REPUBLIKA.CO.ID, BALIKPAPAN -- Presiden Joko Widodo (Jokowi) mengakui bahwa kasus gagal bayar polis asuransi oleh PT Asuransi Jiwasraya (persero) bukan perkara ringan. Presiden melihat bahwa persoalan keuangan yang membelit Jiwasraya sebetulnya mulai terjadi sekitar 10 tahun lalu. Namun, dalam tiga tahun ini kondisinya memburuk dan pemerintah berkomitmen untuk mencarikan solusinya.
"Ini bukan masalah ringan. Namun, setelah pelantikan, Pak Menteri BUMN, kemarin kita sudah rapat dengan Kementerian BUMN dan Kementerian Keuangan. Gambaran solusinya sudah ada. Masih dalam proses," ujar Jokowi di Balikpapan, Rabu (18/12) pagi.
Jokowi menyerahkan indikasi adanya tindak kriminal dalam pengelolaan Jiwasraya kepada kepolisian. Hal ini sejalan dengan rencana Menteri Keuangan Sri Mulyani untuk melibatkan aparat penegak hukum dalam mengusut pengelolaan keuangan di internal Jiwasraya.

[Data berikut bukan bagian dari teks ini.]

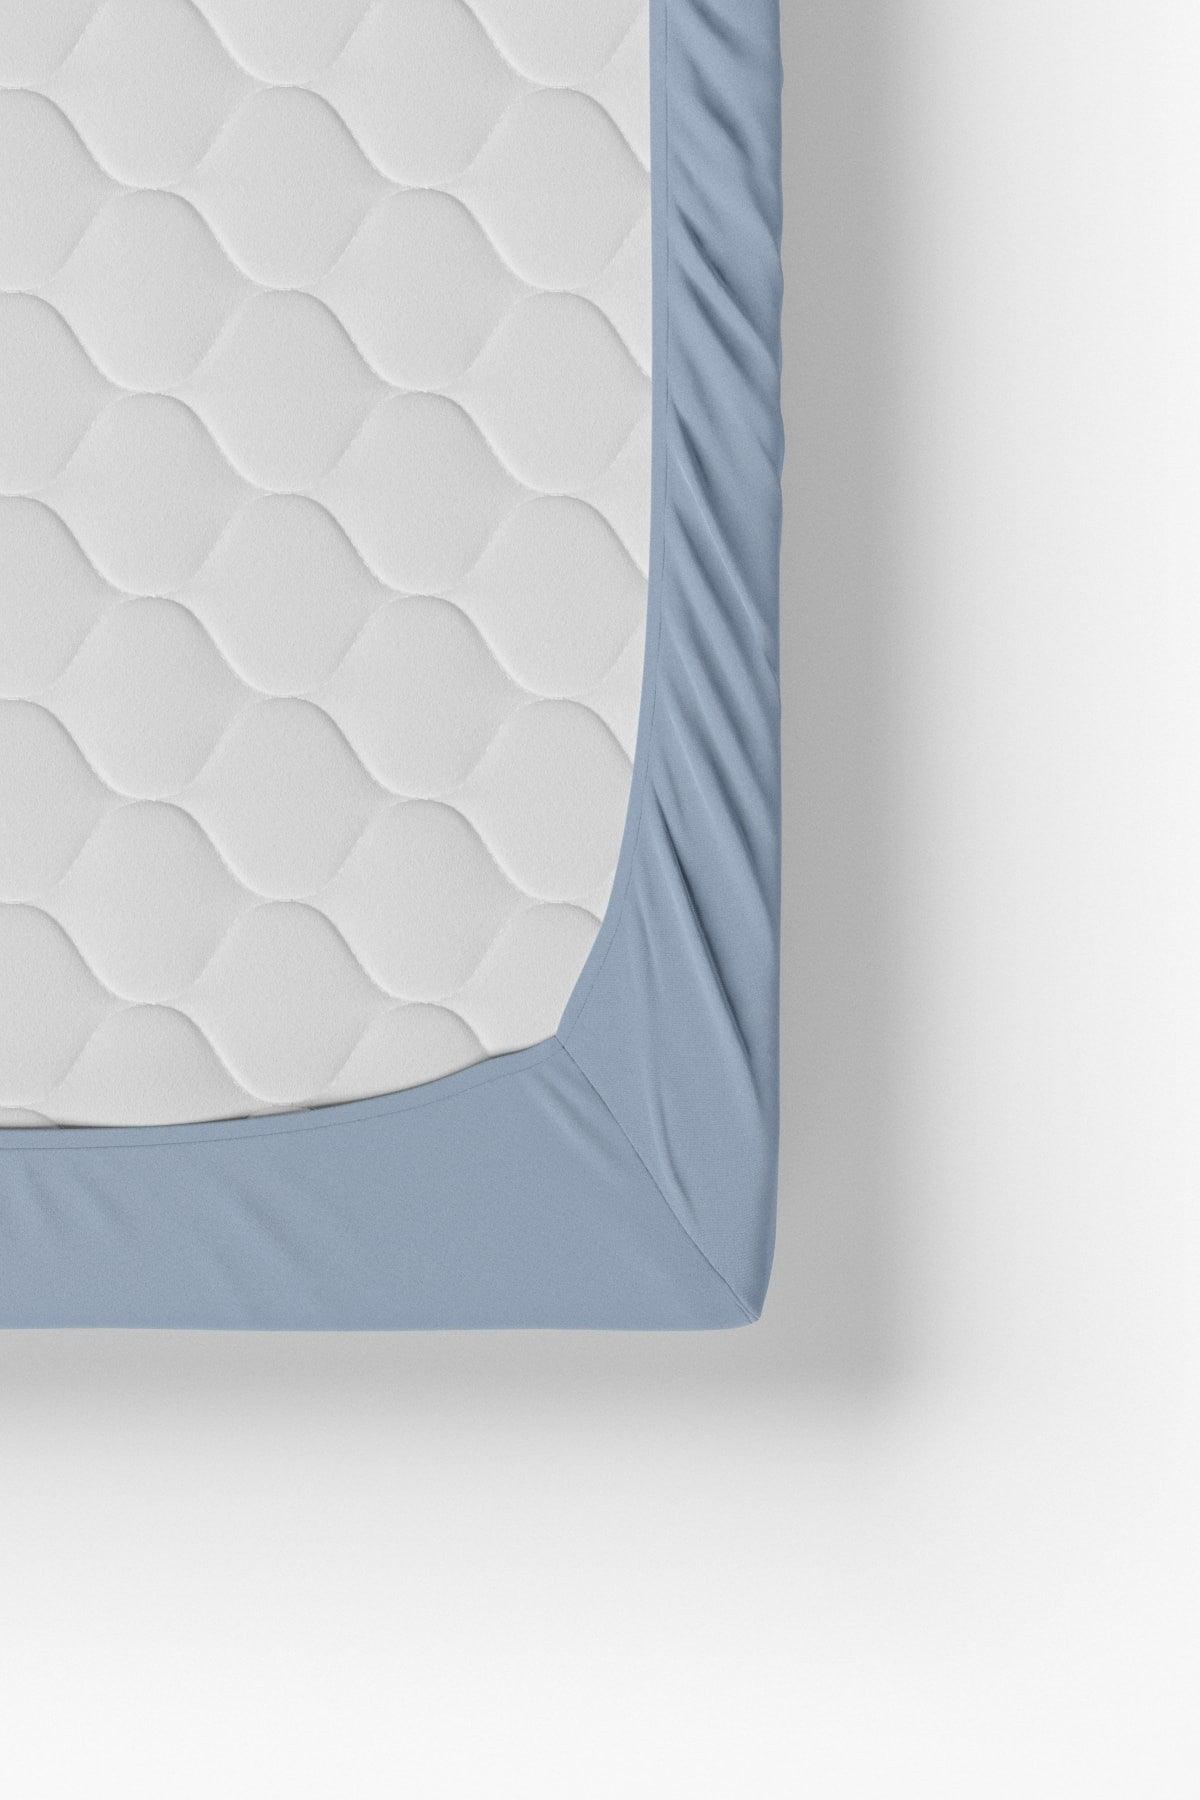 Single Cotton Elastic Bed Sheet - Blue - Swordslife

"Yang berkaitan dengan hukum, ya ranahnya sudah masuk kriminal, sudah masuk ke ranah hukum," kata Jokowi.
Sementara, Menteri Badan Usaha Milik Negara (BUMN) Erick Thohir menambahkan, pemerintah mulai menyusun langkah penyelamatan Jiwasraya dengan melakukan resuktrurisasi. Ia menyampaikan, upaya restrukturisasi terhadap perusahaan pelat merah yang mengurusi asuransi ini sebetulnya sudah berjalan 10 tahun. Namun, ia tak menampik prosesnya memang cukup panjang untuk betul-betul mencapai hasil.
"Insya Allah dalam enam bulan ini kita coba siapkan solusi-solusi yang salah satunya diawali dengan membentuk holdingisasi pada perusahaan asuransi," kata Erick.
Langkah pembuatan induk BUMN asuransi diharapkan mampu menjaga arus kas Jiwasraya dan memberi napas kepada perusahaan untuk membayarkan polis. Namun, Erick sendiri menegaskan, proses restrukturisasi Jiwasraya belum akan rampung dalam waktu singkat.
"Prosesnya pasti berjalan," katanya.
Diberitakan sebelumnya, PT Jiwasraya (Persero) dilaporkan mengalami gagal bayar terhadap polis asuransi. Jiwasraya harus mengantongi kerugian hingga September 2019 ini sebesar Rp 23 triliun. Salah satu harapan perusahaan tidak gulung tikar dalam waktu dekat adalah kepercayaan nasabah.
Direktur Utama Jiwasraya Hexana Tri Sasongko mengakui, mayoritas nasabah saat ini adalah korporasi BUMN yang menjaminkan pensiunan pada Jiwasraya. Ia menjelaskan, para nasabah inilah yang membuat perusahaan masih bisa bertahan hingga saat ini.
Hexana mengakui salah satu penyebab perusahaan gagal membayar polis kepada para nasabahnya adalah kesalahan strategi dalam berinvestasi. Hexana menjelaskan, kesalahan strategi adalah penempatan usaha yang semestinya mayoritas ditempatkan ke goverment bond malah dimasukkan dalam skema investasi reksa dana saham.
Berdasarkan rencana panjang perseroan, seharusnya goverment bond menjadi instrumen investasi paling besar, yaitu sebesar 30 persen. Termasuk juga obligasi korporasi non-BUMN, instrumen Bank Indonesia (BI) 30 persen.
Sementara instrumen investasi saham, reksa dana maksimum hanya 20 persen. Terakhir deposito minimum 10 persen.
Hal ini berbanding terbalik dengan fakta yang saat ini terjadi di tubuh perusahaan pelat merah ini. Bahkan, dalam fakta yang dipaparkan per 2018, perseroan telah menanamkan investasi saham lebih dari 50 persen.
Sementara di instrumen obligasi pemerintah, instrumen BI masing-masing sekitar 15 persen. Selanjutnya perusahaan investasi di properti sekitar 20 persen. Lalu deposito sekitar 5 persen.